Elizabeth Johnson Ward Doremus (May 22, 1853 – April 15, 1934), known professionally as Mrs. C. A. Doremus, was an American playwright.

Early life 
Elizabeth Johnson Ward was born in Newport, Kentucky, the daughter of George Washington Ward and Josephine Beauharnais Harris Ward. Her father and his brother owned plantations in Mississippi before the American Civil War. Her great-grandfather was James Taylor V (1769-1848), banker and founder of Newport, a cousin of President James Madison.

Career 
Doremus wrote plays, including Larks (1886), A Boy Hero (1887), The Charbonniere, A Chinese Puzzle, Compressed Gunpowder, Dorothy, Fernande, Fleurette, Pranks, Real Life or Andy, A Fair Bohemian (1888), The Circus Rider (1888, starring Rosina Vokes), Mrs. Pendleton's Four-in-Hand (1893, based on a story by Gertrude Atherton), The Fortunes of the King (1904), By Right of the Sword (1905), and The Duchess of Devonshire (1906, written for Canadian actress Roselle Knott).

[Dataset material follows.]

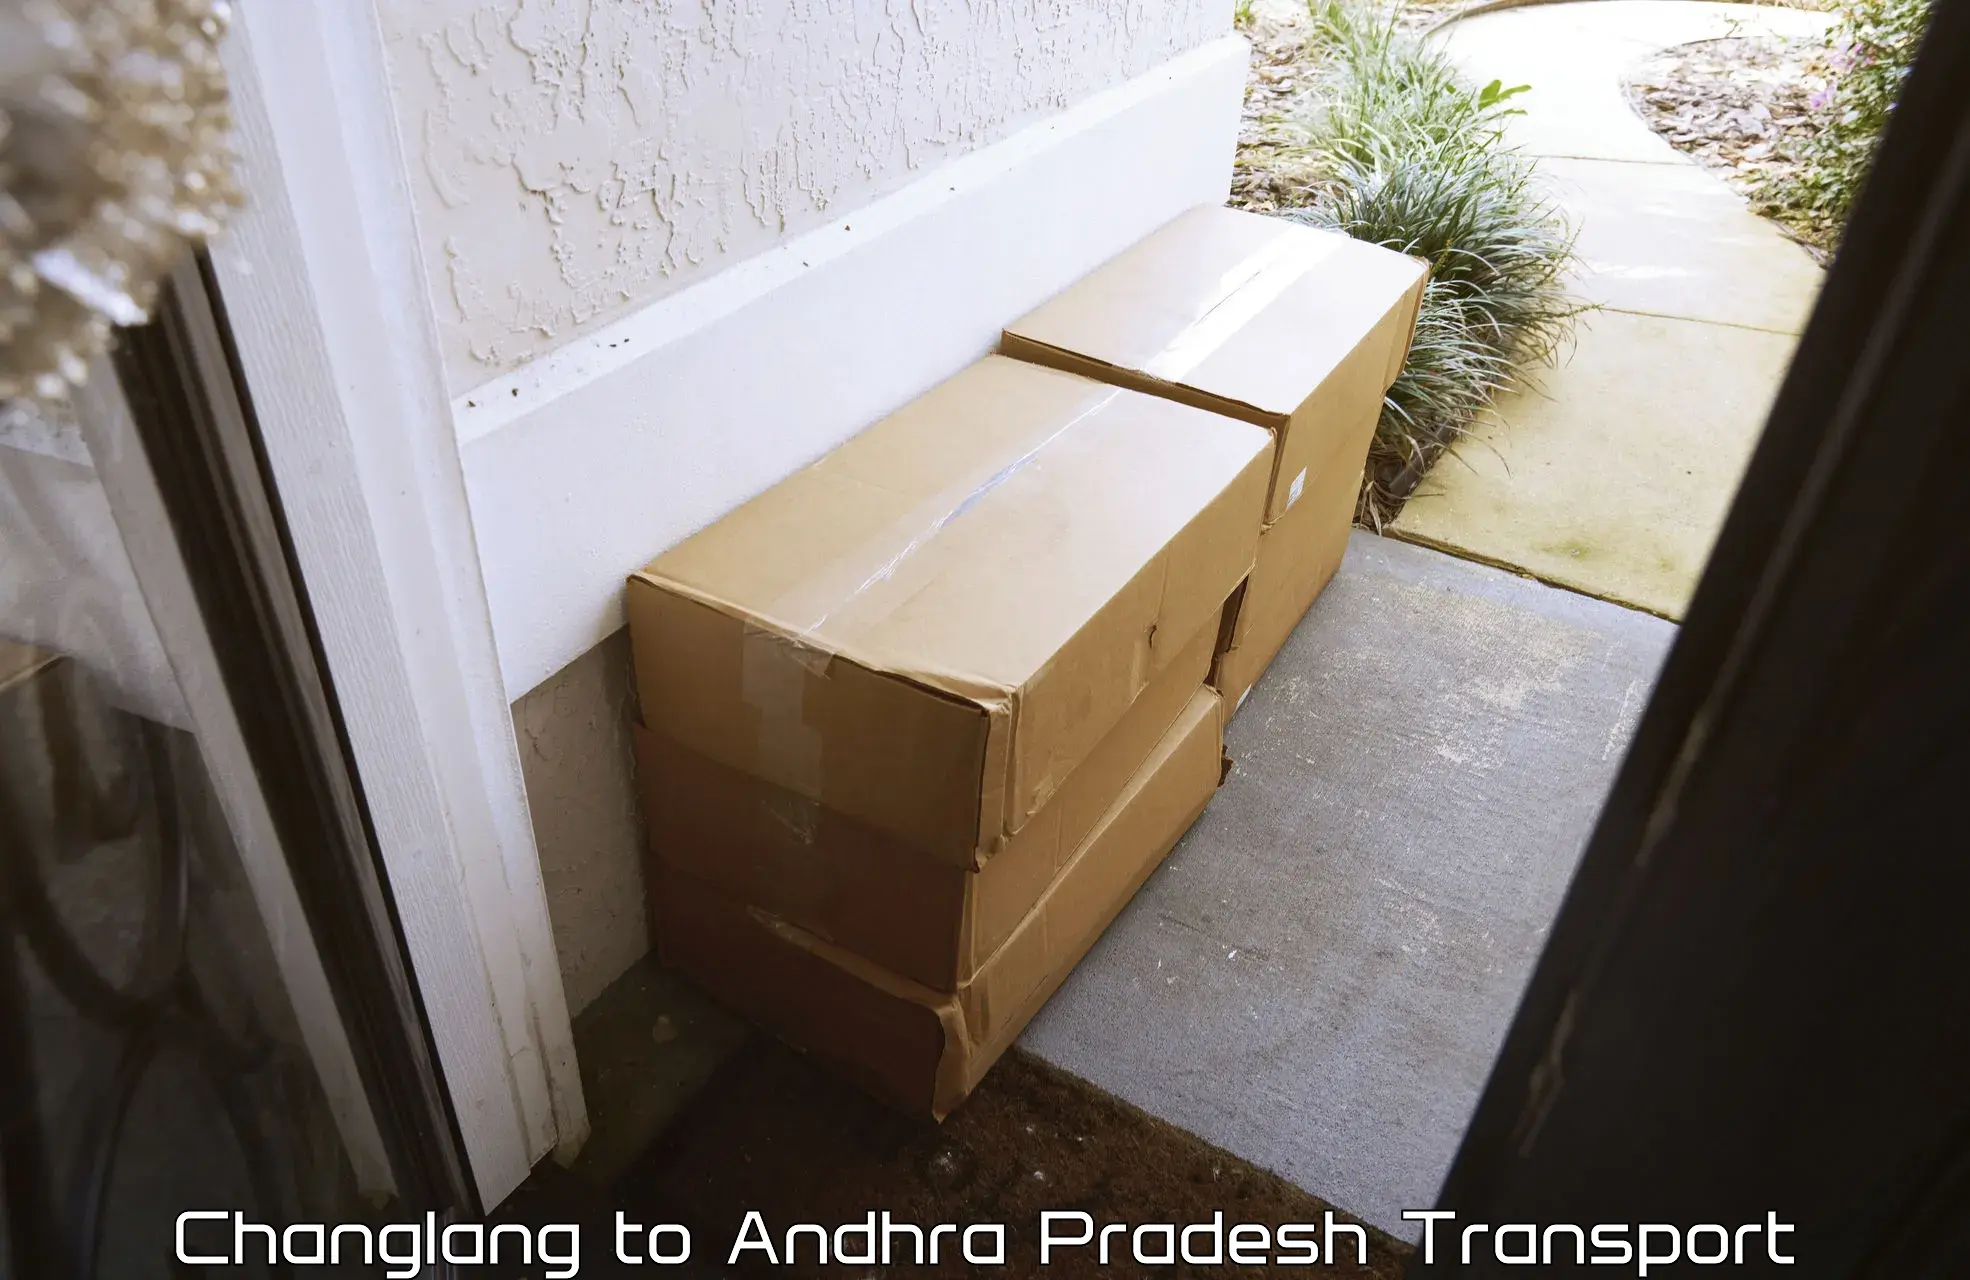 Truck transport companies in India Changlang to Andhra Pradesh
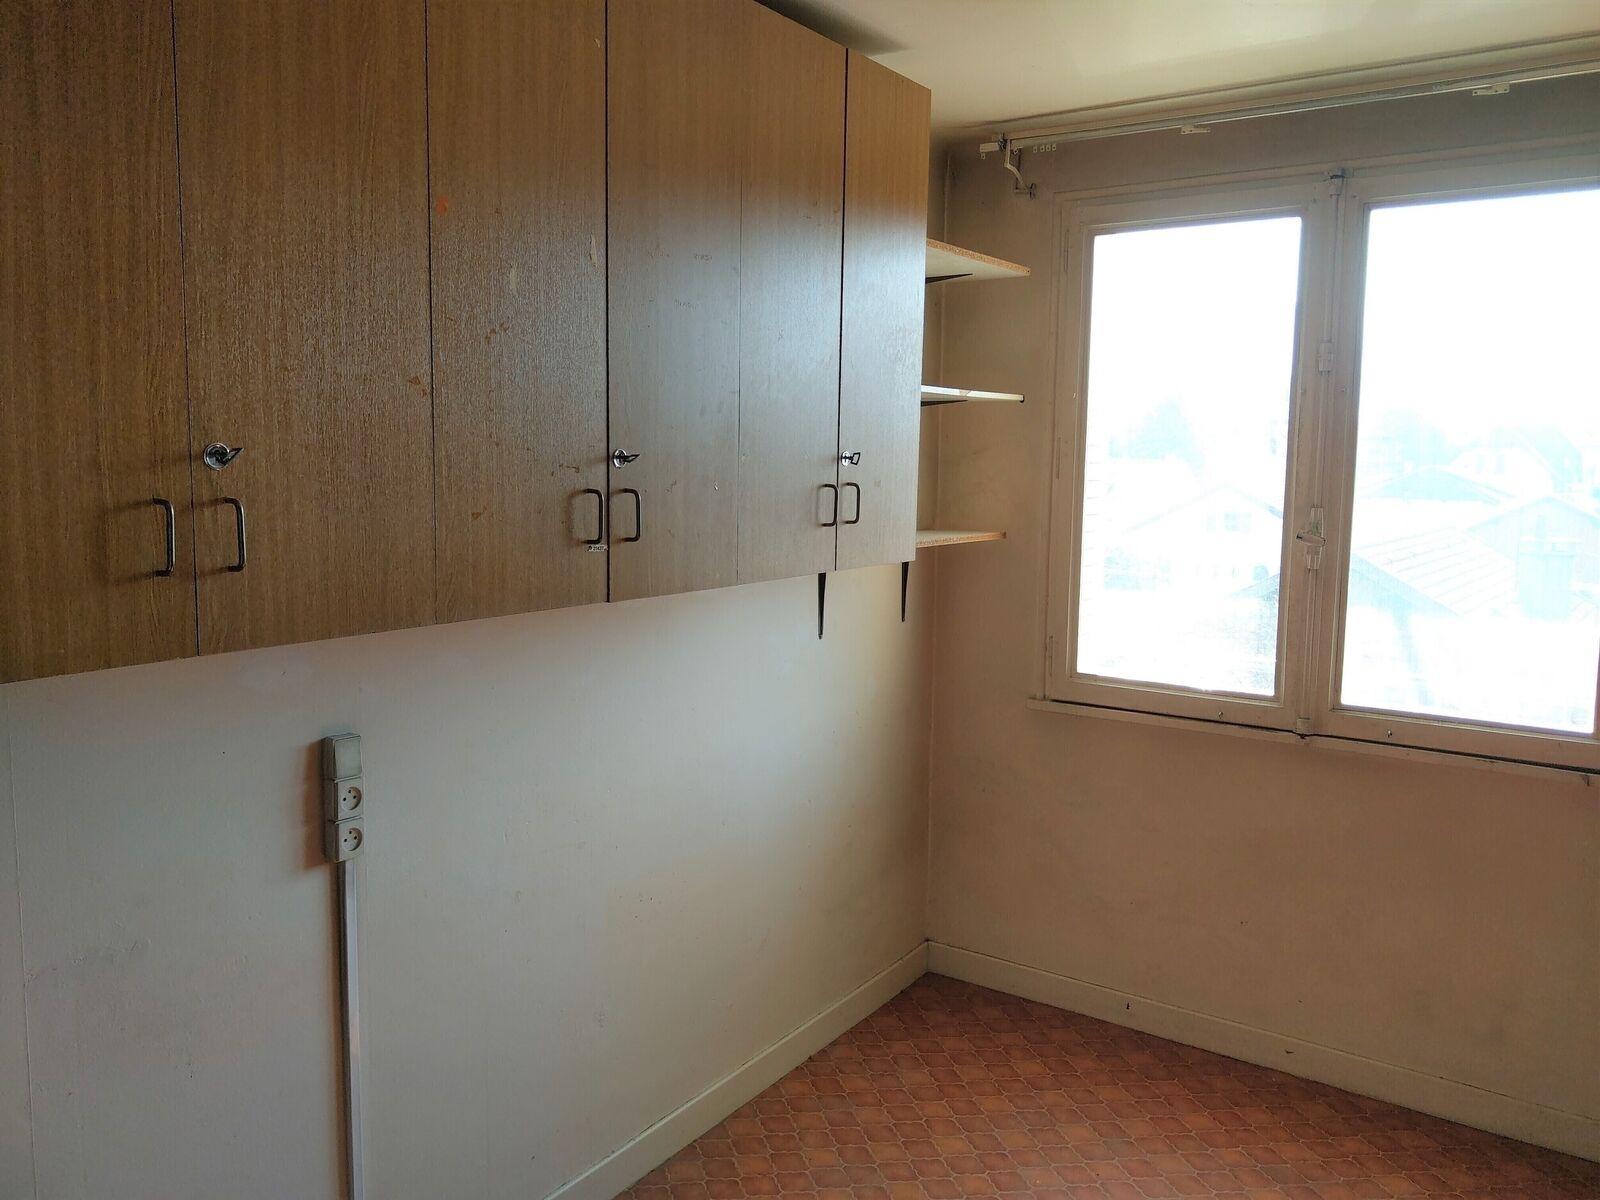 Appartement 2 pièces 74000 Annecy - #rbmimmo #annecy #appartement #lafourmiimmo

She also co-wrote The Sleeping Beauty (1878) with Mrs. Burton Harrison,  A Wild Idea (1888) with Elisabeth Marbury, A Full Hand (1894) with M. F. Stone, The Wheel of Time with T. R. Edwards, The Day Dream with E. R. Steiner, Mock Trial for Breach of Promise, with H. E. Manchester,  Miss Devil-May-Care (1916), One of the Boys (1920) and A Castle in Spain (1935) with Leonidas Westervelt, and The Chain (1920) with Julia S. Trask.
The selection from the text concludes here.